In a recently released private letter ruling (PLR), the Internal Revenue Service (IRS) found that a museum's gift shop sales of certain items were not considered unrelated business income. PLRs are taxpayer-specific rulings provided in response to a taxpayer request and can only be relied on by the taxpayer for which the PLR was issued. However, these rulings provide valuable information on how the IRS views certain issues.
Unrelated Business Income
In this particular case, the gift shop is maintained by a tax-exempt organization that operated a research center and a museum to educate the public about outer space. The museum's gift shop sells various items, including jigsaw puzzles, posters, cartoon books, t-shirts, books, documentary videos, posters, coffee mugs and book markers, all of which depict a reproduction of a newspaper article pertaining to a particular event. In addition to receiving items purchased, customers also receive descriptive literature pertaining to the items and their relationship to the purpose of the organization.

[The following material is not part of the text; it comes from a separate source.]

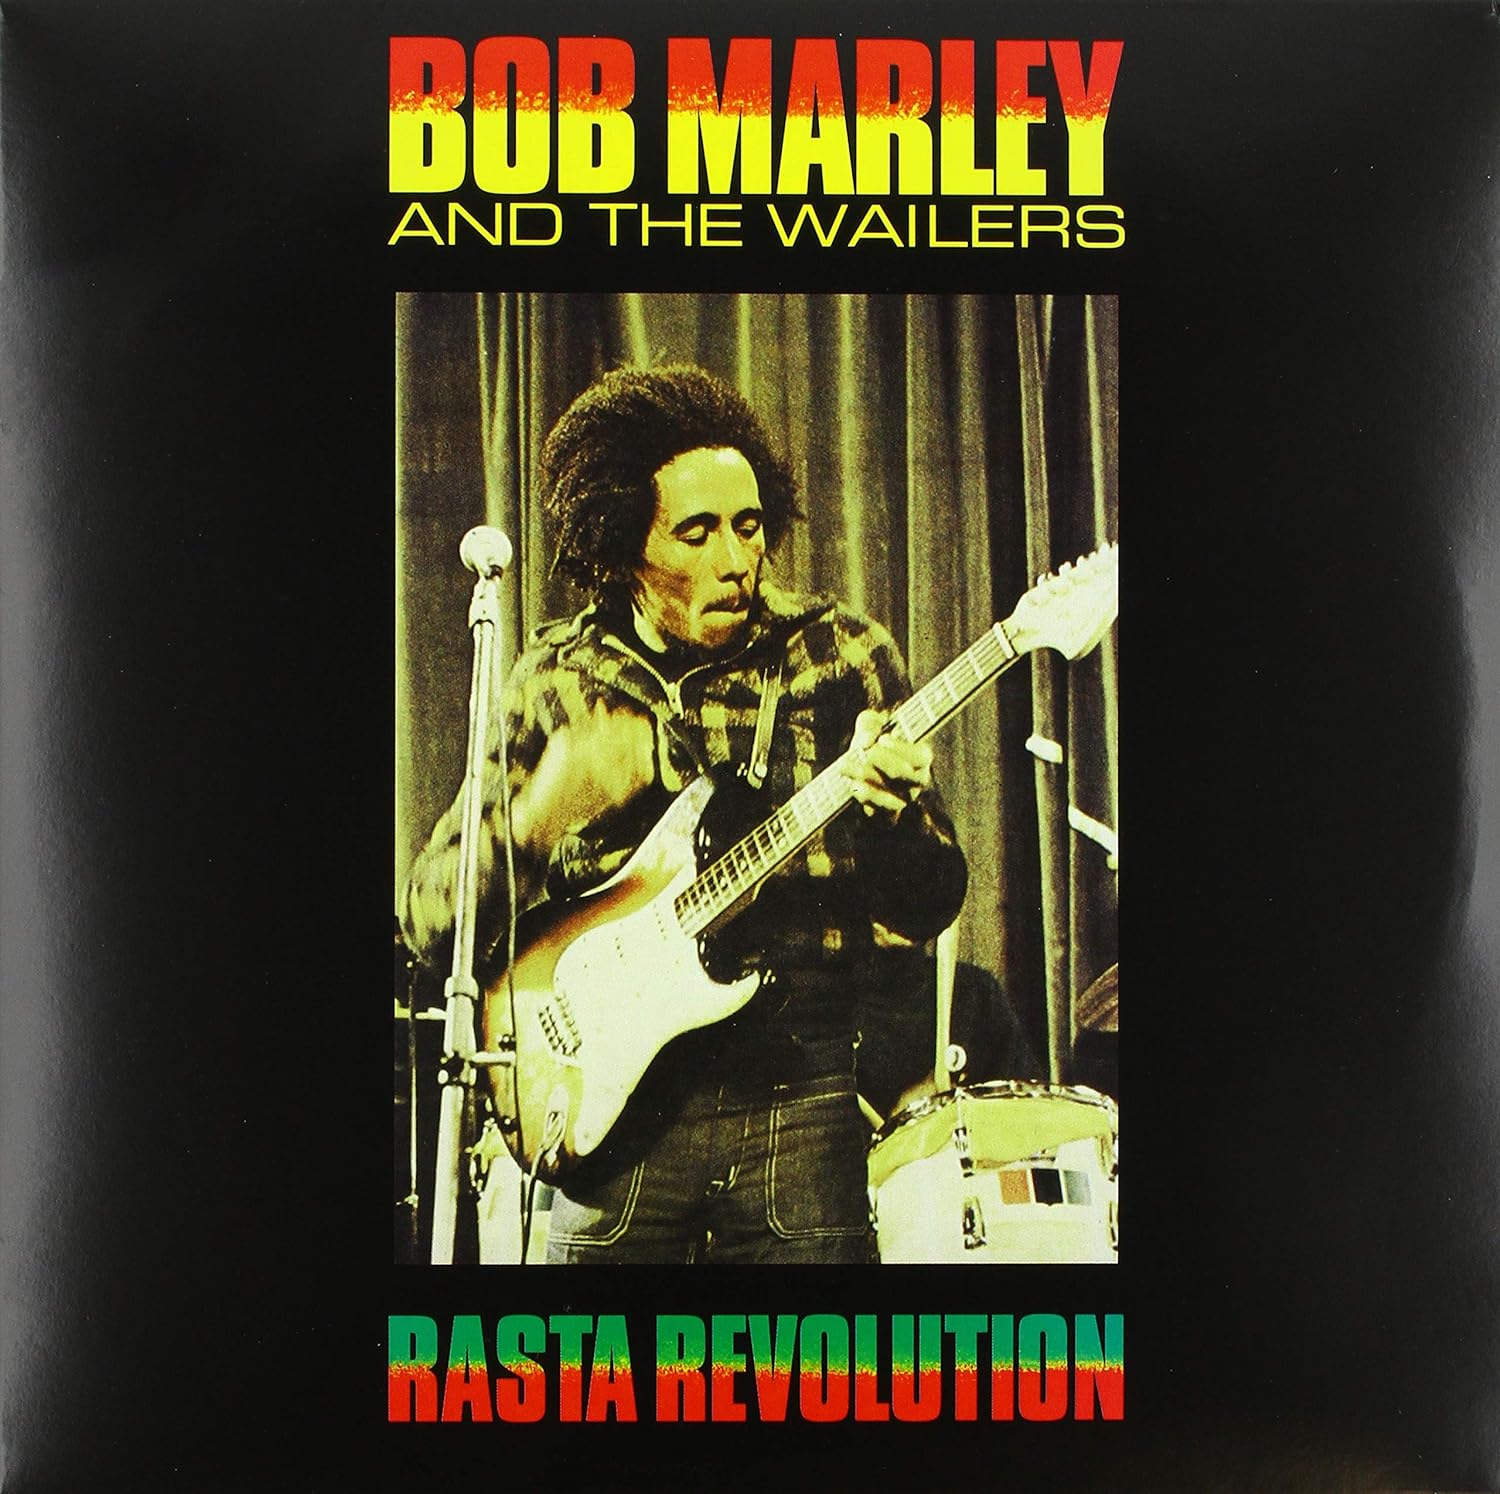 Découvrez Rasta Revolution de Bob Marley & The Wailers et bien d'album, livre, CD, DVD, bluray sur notre site web gm Éditions.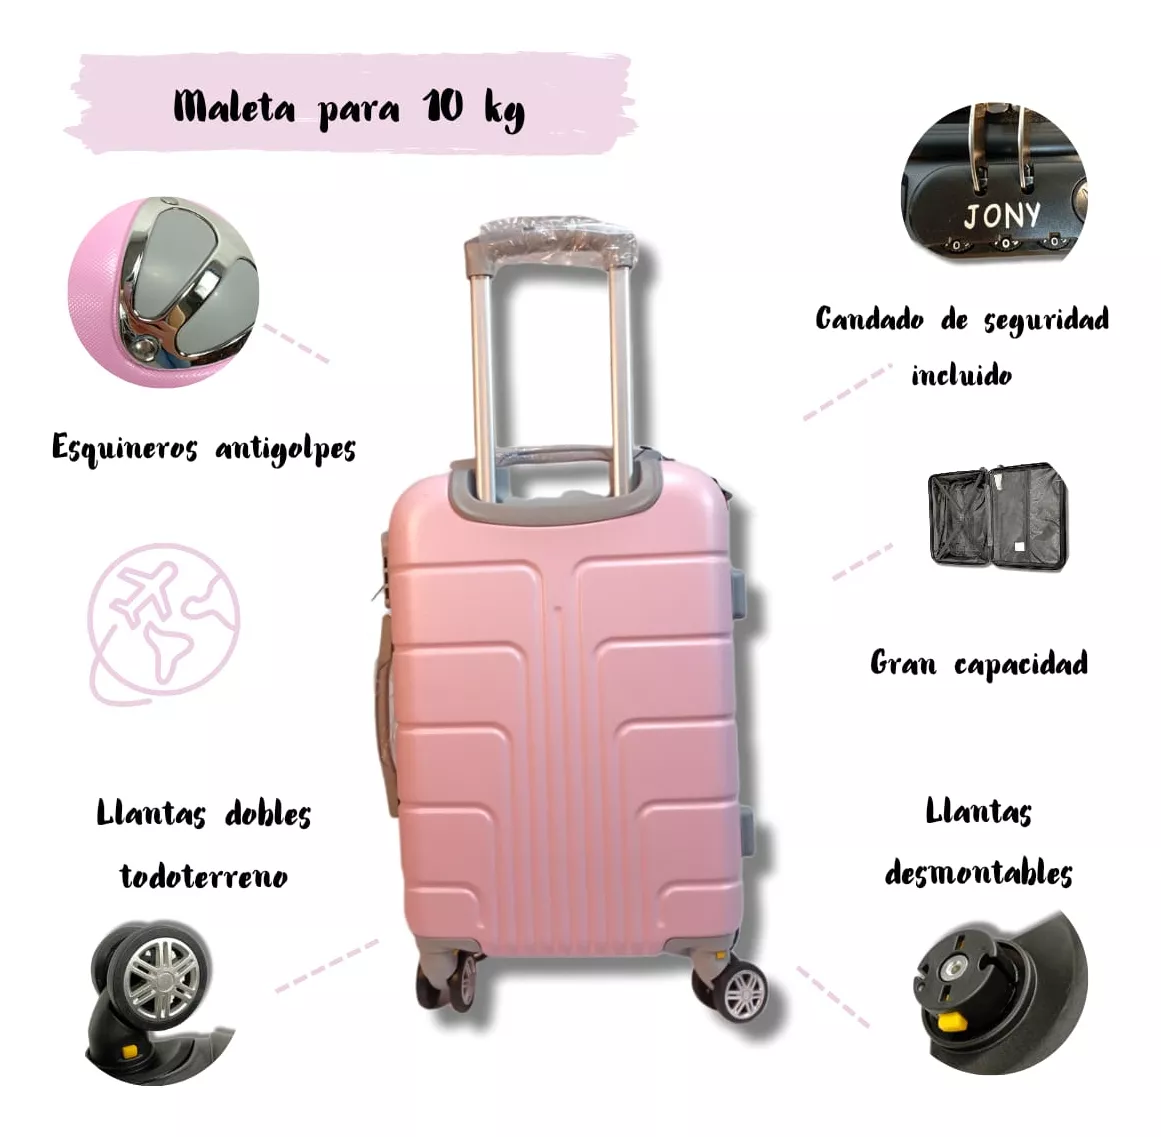 Tercera imagen para búsqueda de maletas de viaje

The IRS conducted an item-by-item review of each article sold in the gift shop in order to determine whether or not there was a substantial relationship between the museum and the items sold. The IRS determined and provided in PLR 201429029 that the sale of merchandise in the museum shop contributes to the museum's exempt purpose and helps educate the public about the solar system and therefore is not considered unrelated business income.
The IRS has issued many rulings pertaining to museum gift shop sales and whether or not they are considered unrelated business income, some of which contrasted with the above PLR due to different circumstances. However, the main takeaway is that the sale of museum items must be related to the organization's tax-exempt purpose and be substantially related in order to avoid it being considered unrelated business income.